Our level of cynicism about today’s politicians means we will accept the worst about them even when the facts contradict it. Aaronovitch continued by saying that if he could he would give a press award to Martin Kettle of The Guardian: “There, he regularly has the nerve to suggest that this Government and this political system, while flawed, are fairly decent. You should see what he gets by way of response on his paper’s comment website! He’s a sycophant, he should be sacked, he wants a peerage, he’s being paid off by shadowy forces. The commenters are united in their intolerant certainty that they are the sceptics and that Kettle (who could — as some do — easily mount the bully pulpit and throw red meat to them) is the voice of smothering orthodoxy.”He argued that it is the dogmatic nature of cynicism that is most dangerous, a factor that does not apply to scepticism, which by its own nature cannot blindly pursue one ‘truth’.

However, while the treatment of politicians by the press has certainly damaged the political discourse, it would be unfair and naive to say the treatment is unwarranted. The obvious example of Alastair Campbell’s aggressive attempt to control the news agenda and punish the journalists who gave unfavourable coverage set a hostile precedent that remains today. While a tension is beneficial, an active hostility is not.

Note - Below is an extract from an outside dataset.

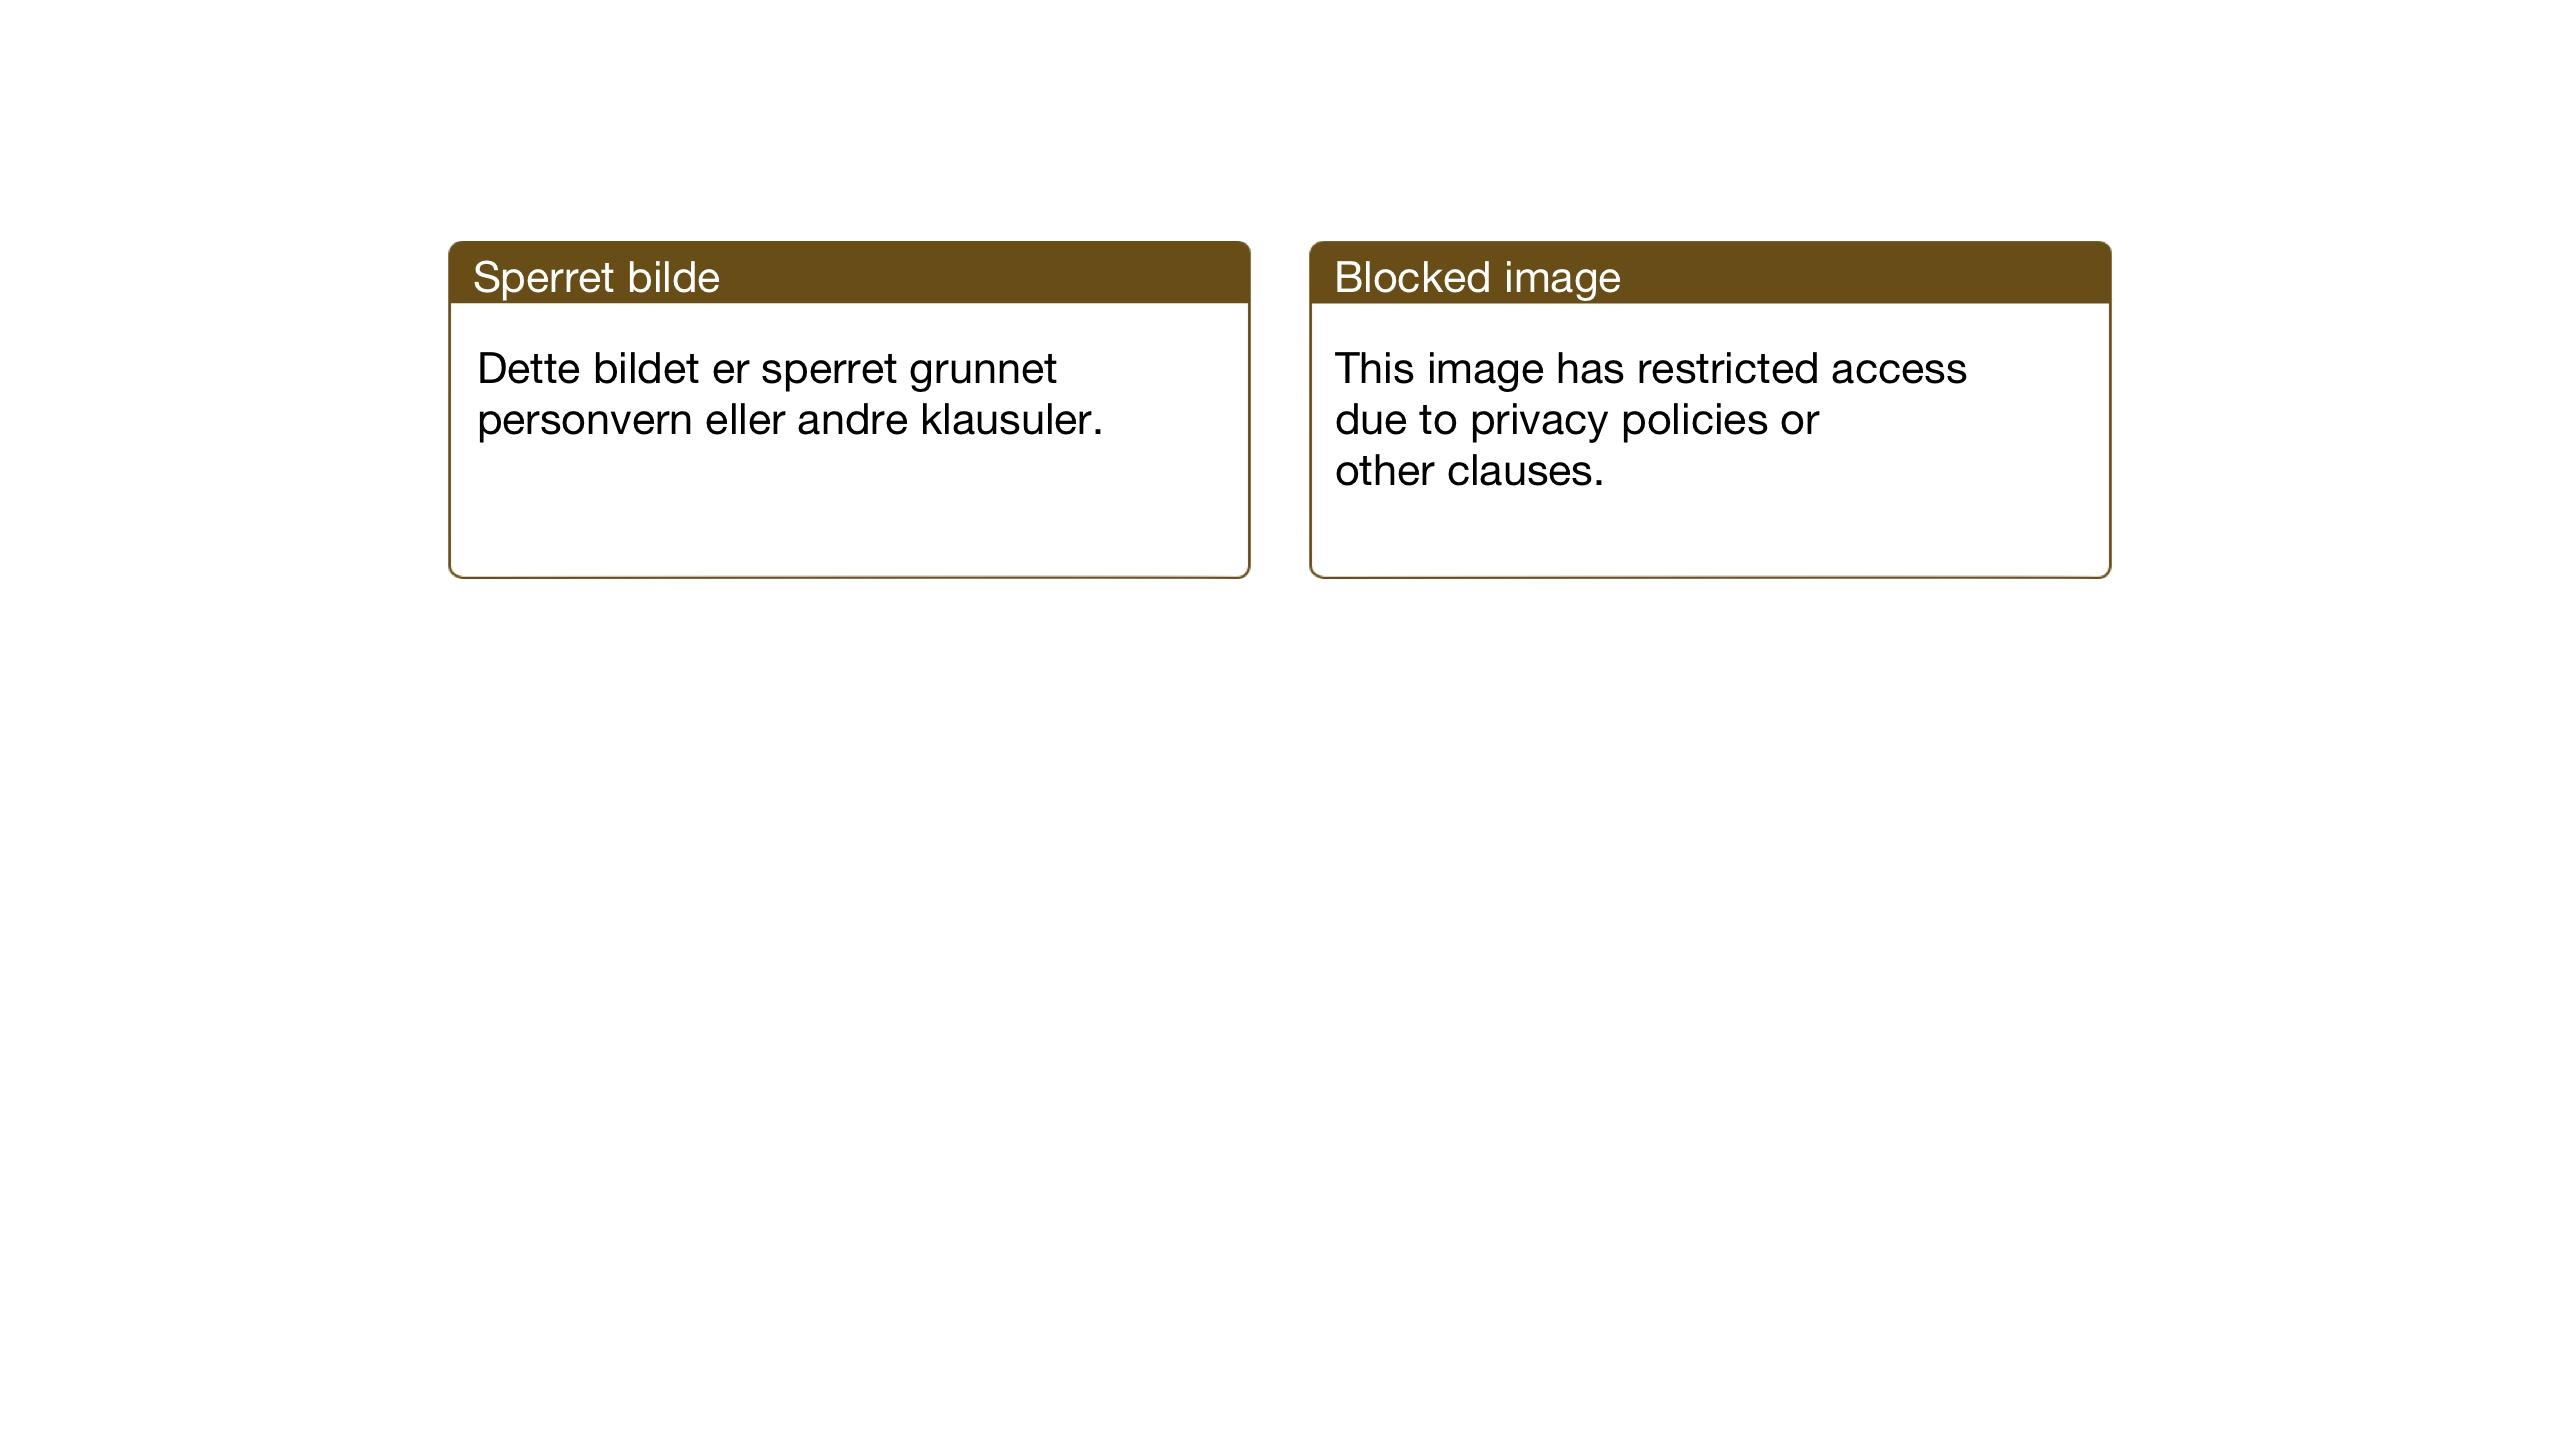 SAT, Ministerialprotokoller, klokkerbøker og fødselsregistre - Nord-Trøndelag, 755/L0500: Klokkerbok nr. 755C01, 1920-1962, s. 54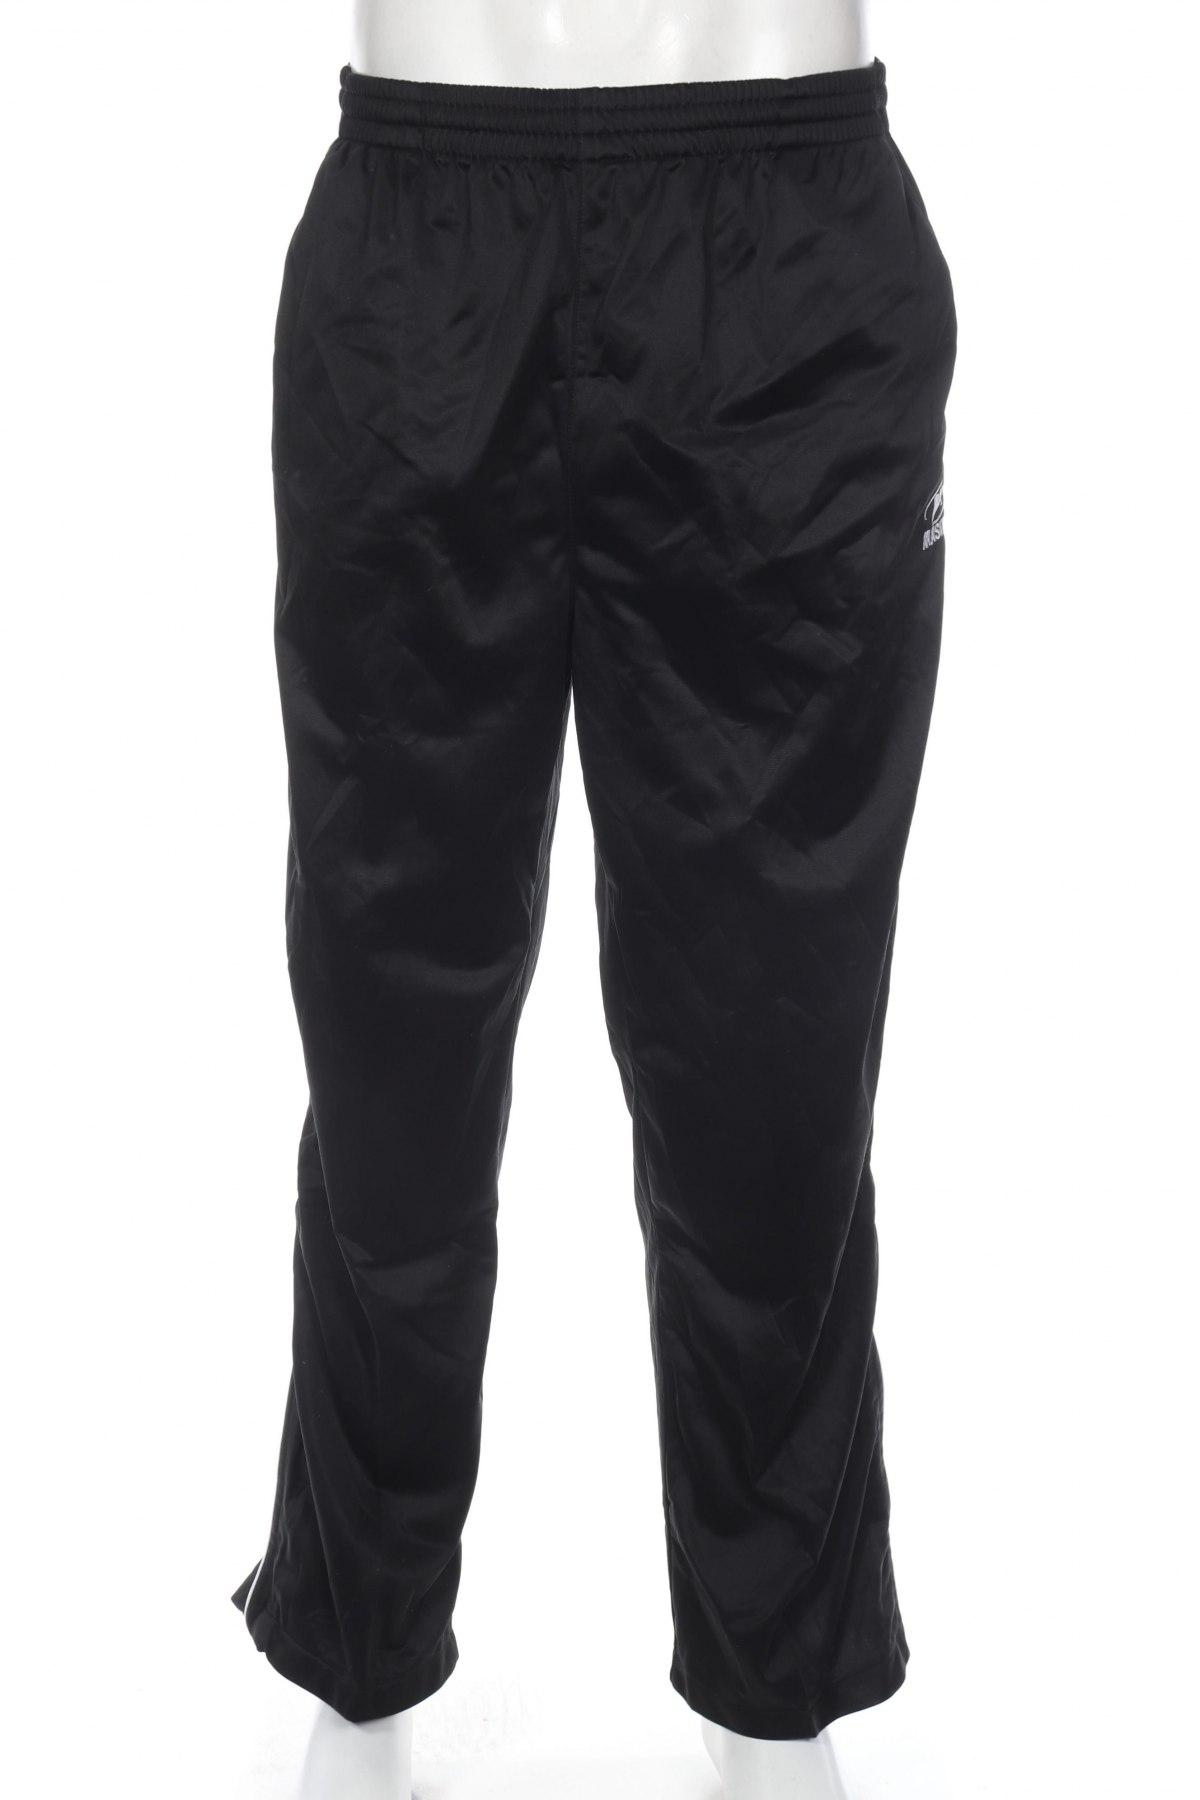 Мъжко спортно долнище Masita, Размер L, Цвят Черен, Полиестер, Цена 16,45лв.

Lloyd’s call for a renewal of ‘civic journalism’ maybe seen as idealistic but it is not an ideal. As he said in an article on opendemocracy.net in 2005, the media is “among the greatest powers of contemporary democratic societies” and that must be preserved. The media should be powerful or its purpose becomes defunct. The notion that “the media are now no longer functioning as an inquiring check on the excesses of the political class, instead they have become an alternative establishment, one supremely dedicated to a theatrical distrust of individual politicians and a furious and calculated indifference to the real-life intricacies of world policy-making” is overdramatic and scare-mongering.

Civic journalism is not the answer because it would create more ill-informed hysteria, as Aaronovitch demonstrates with his anecdote about Martin Kettle. Instead the media that already exists should assess how their attitude to politics is damaging discourse in this country and politicians should consider carefully if their equally hostile attitude to the press is just as much to blame.